Reports in today’s media give the impression that Cambridge University’s German department has just issued a diktat that students must, from now on, eliminate all gendered terms when they are speaking or writing German. The rather sensationalists reports accuse the department of jumping onto a woke bandwagon.
As far as I can tell after some digging around, the only source for this story is the following page on the German department’s website https://www.mmll.cam.ac.uk/german/inclusive-language
What does that page say?
In view of the fact-free reporting in the media, it is worth summarising what that page actually says:
- ‘In our lessons and handouts we aim to use gender- and non-binary-inclusive language when we address or refer to students and colleagues, both in writing and in speech in English and in German.’
This seems to be a description of what the teaching staff aim to do, not what students must do.
- ‘In German-speaking countries there is a clear ambition to refer to people in a gender-inclusive way …’
It seems hard to dispute that this ambition exists. Whether it is shared with universal enthusiasm may be more doubtful.
- ‘In extended German texts … going gender-free is difficult to achieve. … a range of possible ways forward has been proposed. German publications have taken different approaches depending on their politics and other factors.’
It is hard to disagree with these 2 statements.
- ‘In order to expose students to the kind of variety which you will encounter in the German-speaking world, we use texts in language teaching which represent a diversity of choices.’
This is exactly what I would expect a university’s foreign language department to do: let students know about the range of options used by speakers and writers of German as a 1st language.

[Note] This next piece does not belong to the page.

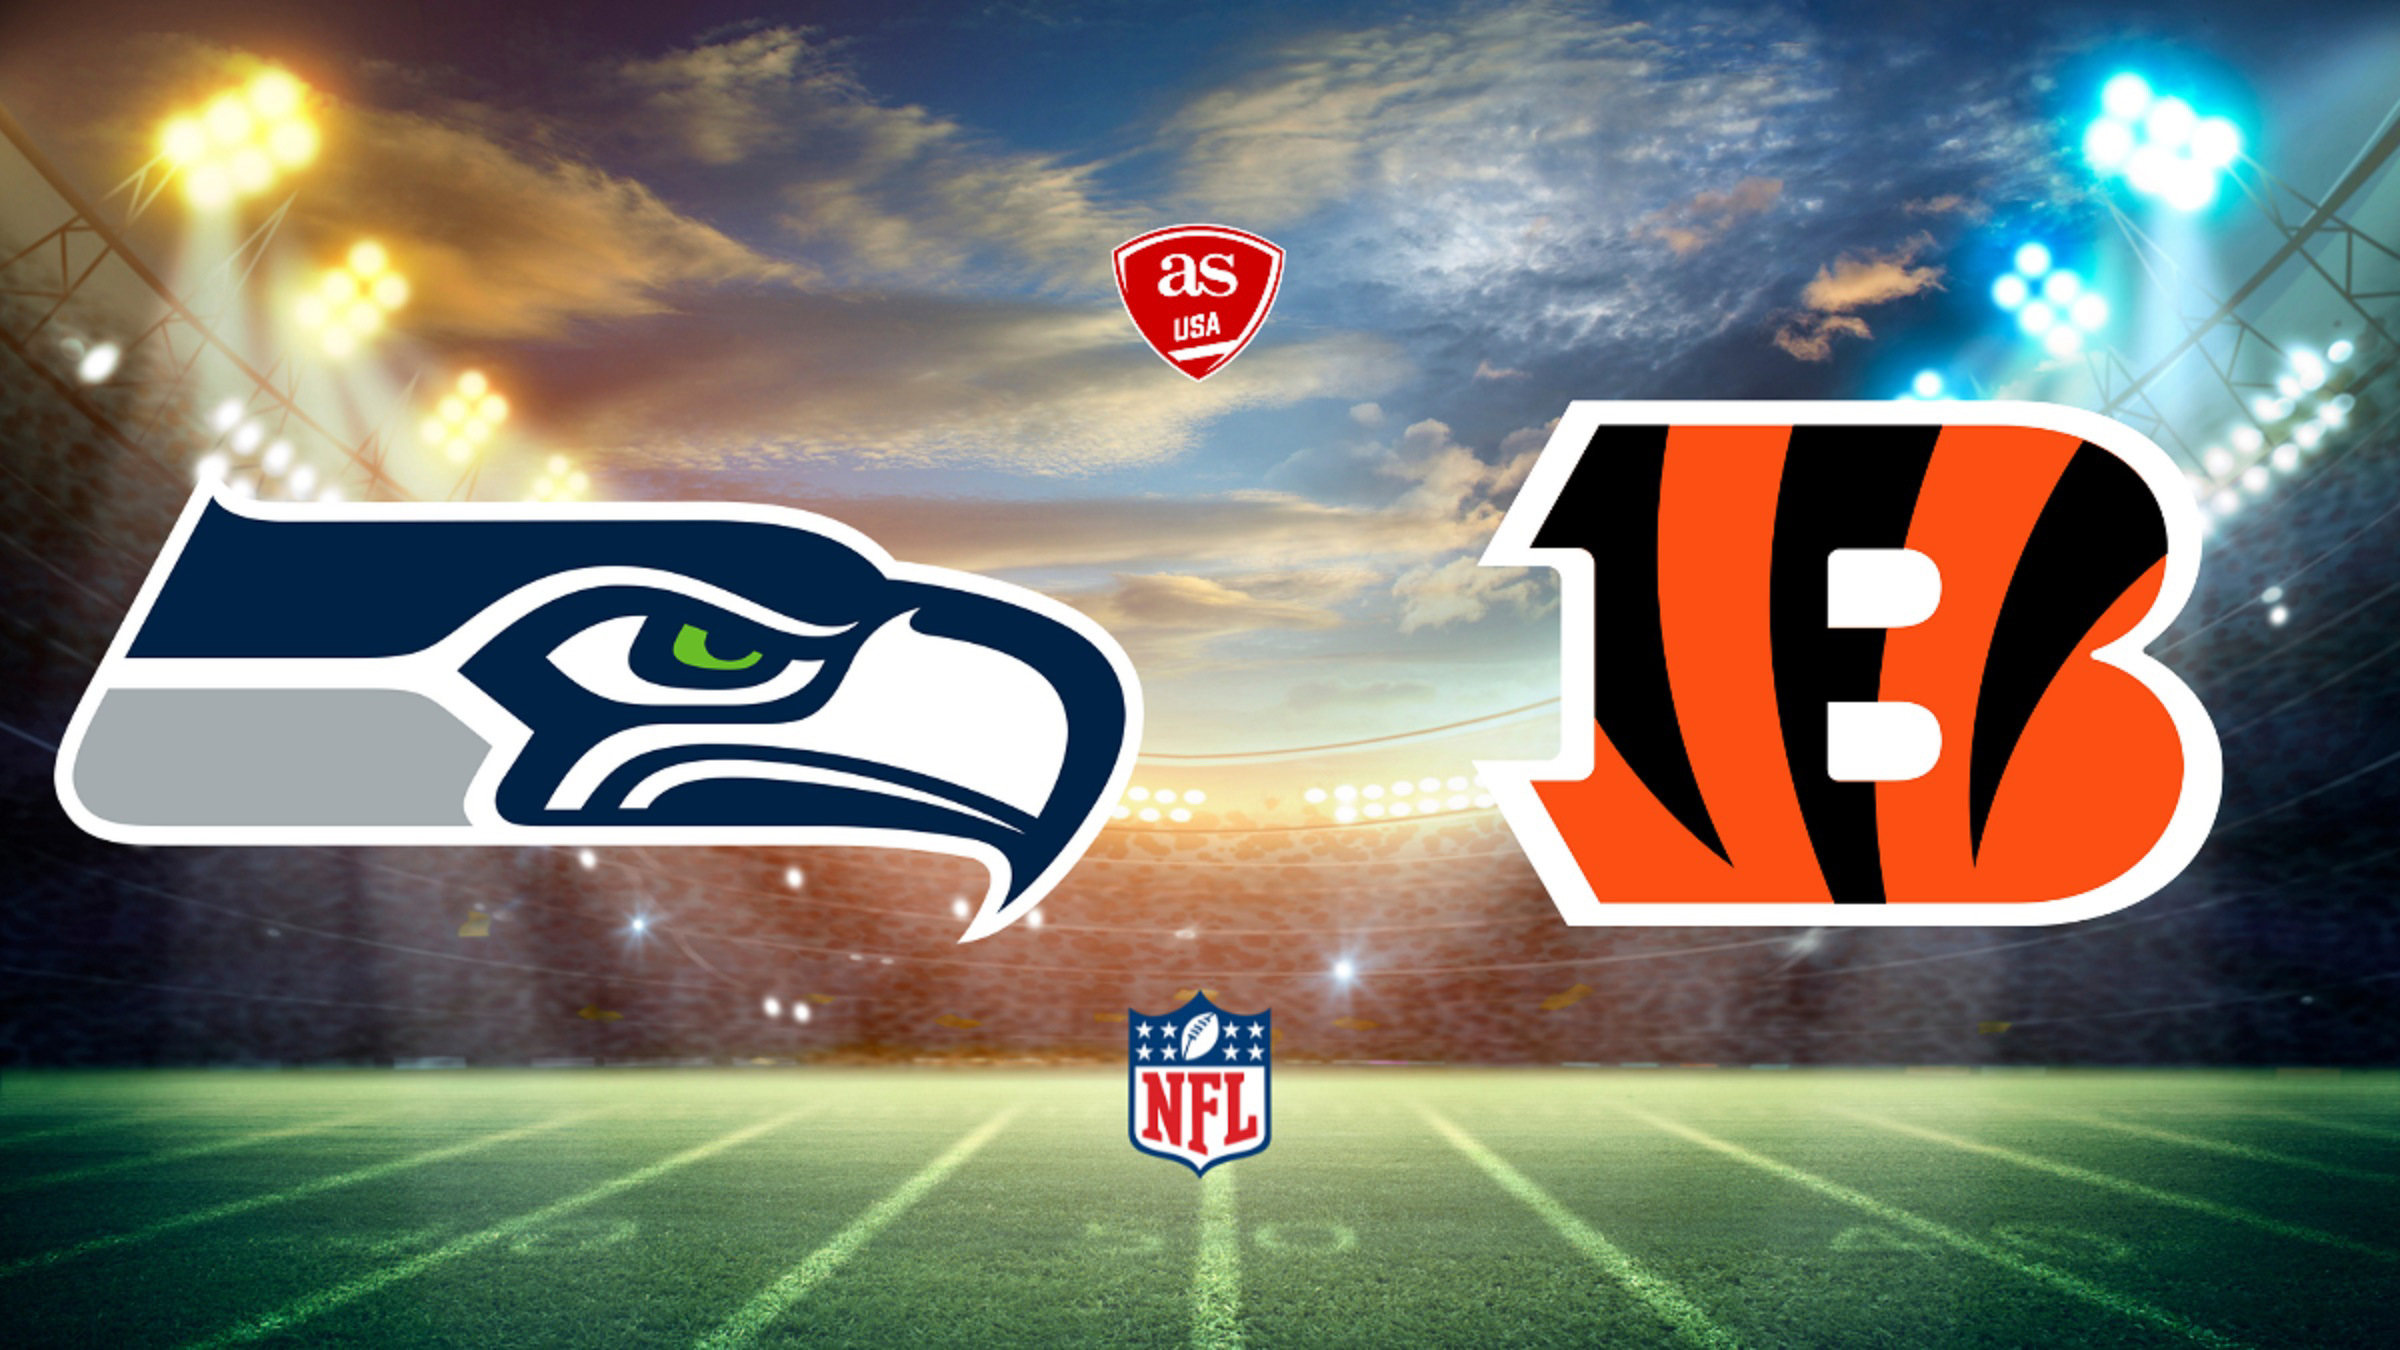 Seattle Seahawks vs Cincinnati Bengals times, how to watch on TV and

- ‘On the same principle, students are free to choose for themselves how to engage with inclusive language when speaking and writing in German.’
Leaving this choice to students seems sensible, providing they do so within the confines of what is actually today’s German.
Some people may object to an apparent pre-supposition here that students must ‘engage with inclusive language’ in some way, though they remain free to decide how to do so.
- ‘If you would like more information on the current discussion in Germany, we recommend the following links. … All view a move to more inclusive language as a positive goal. … all are written from the perspective of promoting inclusion’
This statement leaves students firmly in the driving seat. They do not have to follow these links if they would not like more information.
The links provided are not intended to examine any arguments against using more inclusive language. But I’m not sure it should be the role of a university’s foreign language department to argue either for or against using more inclusive language, rather than just telling students what means the foreign language makes available to speakers and writers.
It may perhaps be a matter for a university (rather than individual departments) to decide whether and how it should promote more inclusive language across the whole institution.
The press reports are massively overblown. The department does not seem to be trying to eliminate non-inclusive language. It is telling students what means exist for speaking and writing German in a more inclusive way.
Students will come across non-inclusive language and may want or need to use it. So, the department would be failing in its duty if it didn’t tell students how they can—if they wish—speak or write German in a more inclusive way, as competent users of German in a manner that is consistent with the expectations of German-speaking societies.
Beyond that, the page probably does nudge students discreetly towards using more inclusive language. Some people will, no doubt, think that is a step too far, but to me that seems a reasonable thing to do.